In the list above, (d) requires disclosure of the amount of the subsidiary’s profit or loss presented in the consolidated financial statements as attributable to the non-controlling interests. This may differ from the amount reported in the summarized financial information concerning the subsidiary under item (g) above, for example, because the amount reported under item (d) will reflect the elimination of intragroup transactions.
The summarized financial information required under IFRS 12 need not be provided for any subsidiaries classified as held for sale by IFRS 5.
Significant restrictions
An entity is required to disclose information that enables users of its consolidated financial statements to evaluate the nature and extent of significant restrictions on the entity’s ability to access or use the group’s assets or settle the group’s liabilities.
This requirement is intended to result in disclosure about restrictions existing because of legal boundaries within a group, such as restrictions on transferring cash between group entities.
In meeting this disclosure requirement, an entity is required to disclose the following:
- details of significant restrictions (e.g., statutory, regulatory, and contractual restrictions) on the entity’s ability to access or use the group’s assets or settle the group’s liabilities. Examples include restrictions affecting the ability to transfer cash or other assets between entities within the group, and guarantees or other requirements that may restrict the payment of dividends and other capital distributions within the group or restrict the ability to make or repay an inter-company loan or advance;
- the nature and extent to which any non-controlling interests’ protective rights can result in a significant restriction of the entity’s ability to access or use the group’s assets or settle the group’s liabilities. Examples include a parent being obliged to settle a subsidiary’s liabilities before its own, the non-controlling interests’ approval being required to access a subsidiary’s assets or settle its liabilities; and
- the carrying amounts in the consolidated financial statements of the assets and liabilities to which the restrictions identified above apply.
This requirement supplements the disclosure already required under IAS 7 of the amount of significant cash and cash equivalent balances held by the entity that are not available for use by the group.
Interests in consolidated structured entities
An entity is required to disclose information that enables users of its consolidated financial statements to evaluate the nature of, and changes in, the risks associated with the entity’s interests in consolidated structured entities.
To meet the requirements of IFRS 12, the following information is required to be disclosed.
- When contractual arrangements could require a member of the group to provide financial support to a structured entity that has been consolidated, the terms of the contractual arrangement should be disclosed. These disclosures should include details of any events or circumstances that might expose the reporting entity to a loss (e.g., liquidity arrangements or credit rating triggers associated with obligations to purchase assets of the structured entity or provide financial support).

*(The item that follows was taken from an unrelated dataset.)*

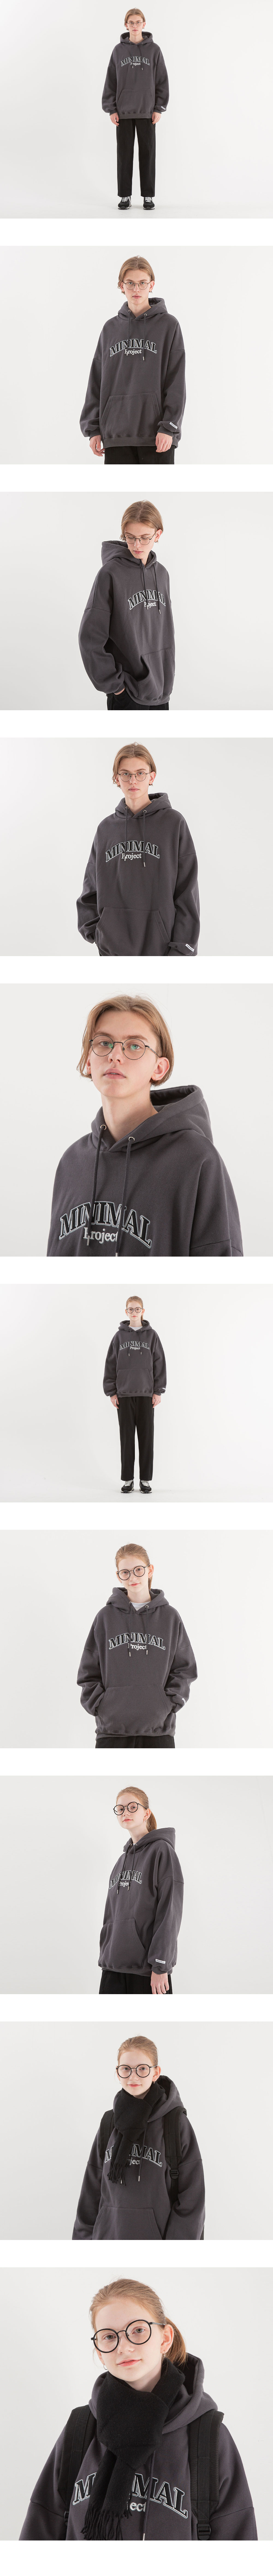 [minimal project] 미니멀프로젝트 쉐도우 자수 오버핏 후드 MHT105 [DARKGREY]

- If, during the reporting period, a member of the group has provided financial or other support to a consolidated structured entity (e.g., by purchasing assets of the structured entity or by purchasing instruments issued by the structured entity), without having any contractual obligation to do so, disclosure is required of:
- the type and amount of support provided (including situations in which the parent or its subsidiaries assisted the structured entity in obtaining financial support); and
- the reasons for providing the support.
- If, during the reporting period, a member of the group has given financial or other support to a previously unconsolidated structured entity, without having a contractual obligation to do so, and as a result of the support the group obtained control of the structured entity, the reporting entity is required to explain the relevant factors in reaching that decision.
- Disclosure is required of any current intentions to provide financial or other support to a consolidated structured entity, including any intentions to assist a structured entity in obtaining financial support.
Changes in ownership of subsidiaries
An entity is required to disclose information that enables users of its consolidated financial statements to evaluate the consequences of changes in the entity’s ownership interest in a subsidiary that do not result in a loss of control of that subsidiary. A reporting entity should present a schedule showing the effects on the equity attributable to the owners of the parent of changes in its ownership interest in a subsidiary that do not result in a loss of control.
An example of a change in the ownership interest of a subsidiary that does not result in a loss of control would be a rights issue made by the subsidiary for which the non-controlling interests do not take up their rights. This would result in the parent’s interest being increased.
Losing control of a subsidiary
An entity is required to disclose information that enables users of its consolidated financial statements to evaluate the consequences of losing control of a subsidiary during the reporting period. An entity is required to disclose the gain or loss, if any, calculated by IFRS 10, and also:
- the portion of that gain or loss attributable to measuring any investment retained in the former subsidiary at its fair value at the date when control is lost; and
- the line item(s) in profit or loss in which the gain or loss is recognized if it is not presented separately.
Subsidiary with different reporting date or length of reporting period
Occasionally it is impracticable for a subsidiary’s financial statements used in preparing the consolidated financial statements to be prepared on the same date or for the same period as the consolidated financial statements. In such circumstances, disclosure is required in the consolidated financial statements of:
- the date of the end of the reporting period of the subsidiary’s financial statements; and
- the reasons for using a different date or period.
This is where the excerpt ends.